Profiling a CUDA kernel written in C++ using NSight Systems#

NSight Systems can be used to profile CUDA code.

The following C++ code adds two matrices and writes the result into a new matrix. This code can be saved in a file named matrix_add.cu.

#include <iostream>
#include <cuda_runtime.h>

#define N 10240  // Matrix size N x N

__global__ void matrixAdd(const float* A, const float* B, float* C, int width) {
    int row = blockIdx.y * blockDim.y + threadIdx.y;
    int col = blockIdx.x * blockDim.x + threadIdx.x;
    if (row < width && col < width) {
        int idx = row * width + col;
        C[idx] = A[idx] + B[idx];
    }
}

void checkCuda(cudaError_t result, const char *msg) {
    if (result != cudaSuccess) {
        std::cerr << "CUDA Error: " << msg << ": " << cudaGetErrorString(result) << std::endl;
        exit(EXIT_FAILURE);
    }
}

int main() {
    size_t size = N * N * sizeof(float);

    // Allocate host memory
    float* h_A = new float[N * N];
    float* h_B = new float[N * N];
    float* h_C = new float[N * N];

    // Initialize input matrices
    for (int i = 0; i < N * N; ++i) {
        h_A[i] = 1.0f;
        h_B[i] = 2.0f;
    }

    // Allocate device memory
    float *d_A, *d_B, *d_C;
    checkCuda(cudaMalloc((void**)&d_A, size), "cudaMalloc A");
    checkCuda(cudaMalloc((void**)&d_B, size), "cudaMalloc B");
    checkCuda(cudaMalloc((void**)&d_C, size), "cudaMalloc C");

    // Copy data from host to device
    checkCuda(cudaMemcpy(d_A, h_A, size, cudaMemcpyHostToDevice), "cudaMemcpy A");
    checkCuda(cudaMemcpy(d_B, h_B, size, cudaMemcpyHostToDevice), "cudaMemcpy B");

    // Launch kernel
    dim3 threadsPerBlock(16, 16);
    dim3 blocksPerGrid((N + threadsPerBlock.x - 1) / threadsPerBlock.x,
                       (N + threadsPerBlock.y - 1) / threadsPerBlock.y);

    matrixAdd<<<blocksPerGrid, threadsPerBlock>>>(d_A, d_B, d_C, N);
    checkCuda(cudaDeviceSynchronize(), "Kernel execution");

    // Copy result back to host
    checkCuda(cudaMemcpy(h_C, d_C, size, cudaMemcpyDeviceToHost), "cudaMemcpy C");

    std::cout << "Matrix addition complete. Sample: C[0] = " << h_C[0] << std::endl;

    // Cleanup
    delete[] h_A;
    delete[] h_B;
    delete[] h_C;
    cudaFree(d_A);
    cudaFree(d_B);
    cudaFree(d_C);

    return 0;
}

The following SLURM job script compiles matrix_add.cu, runs the NSight Systems profiler, and collects performance data. This script can be saved in a file named matrix_add.slurm.

#!/bin/bash -l
#SBATCH --time=00:10:00
#SBATCH --gres=gpu:1
#SBATCH --constraint=v100
module load nvidia-sdk
nvcc -o matrix_add matrix_add.cu
nsys profile -o profile.${SLURM_JOBID} matrix_add

The following steps show how to submit matrix_add.slurm on Ibex:

ssh glogin.ibex.kaust.edu.sa
sbatch matrix_add.slurm

The output of the profiler is recorded in a file named profile.<SLURM_JOBID>.nsys-rep. This file can be copied to a local machine and examined. The following command can be used to find out the version of the NSight Systems:

nsys --version

The same version of the NSight Systems can be downloaded from here to run on the local machine.
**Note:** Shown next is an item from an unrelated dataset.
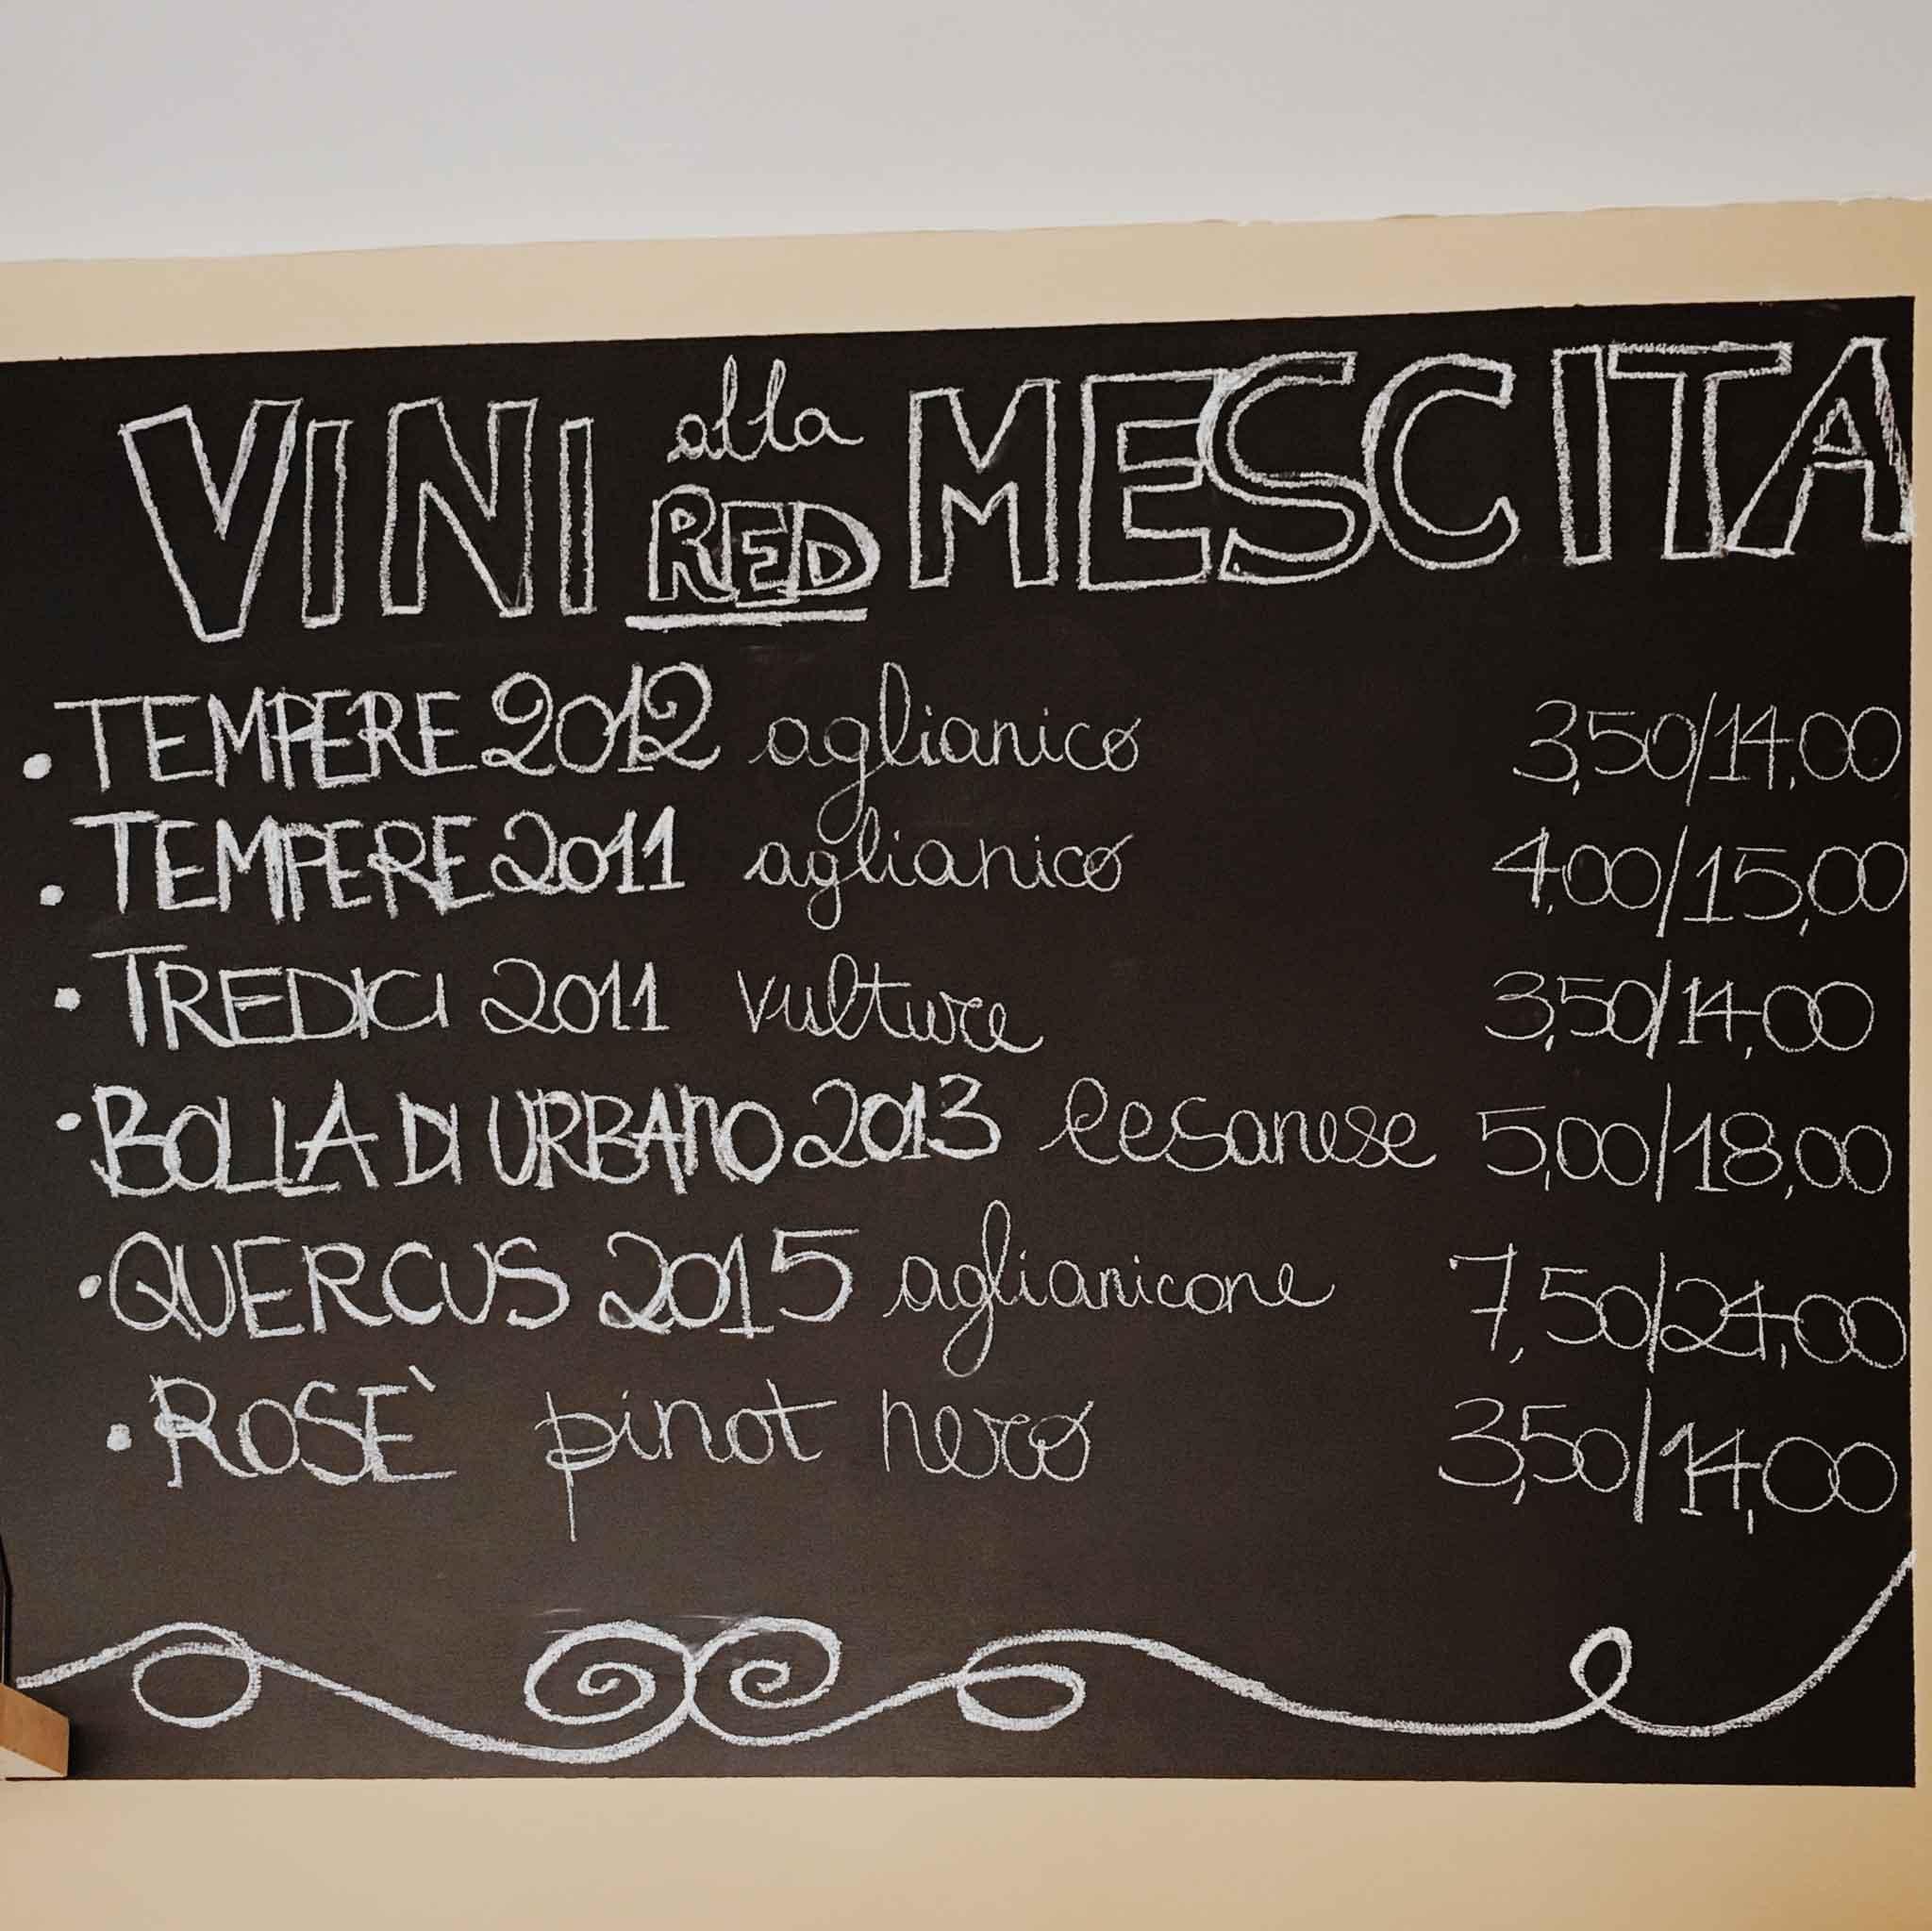 vinoteca-tempere-roma-prezzi-vini

The following trace of execution shows the GPU device (V100) and a couple of CPU threads. The two input matrices are prepared on the CPU and then copied to the device. This region is shown as green. The CUDA kernel for matrix addition runs afterwards and this duration is displayed in blue color. After the kernel finishes, the resultant matrix is copied to the host. This region is shown as red. In conclusion, the device must be kept busy with computations displayed as blue. Having copy operations or empty areas in this trace means low utilization of the device.

../../../../_images/nsight-cpp-trace.png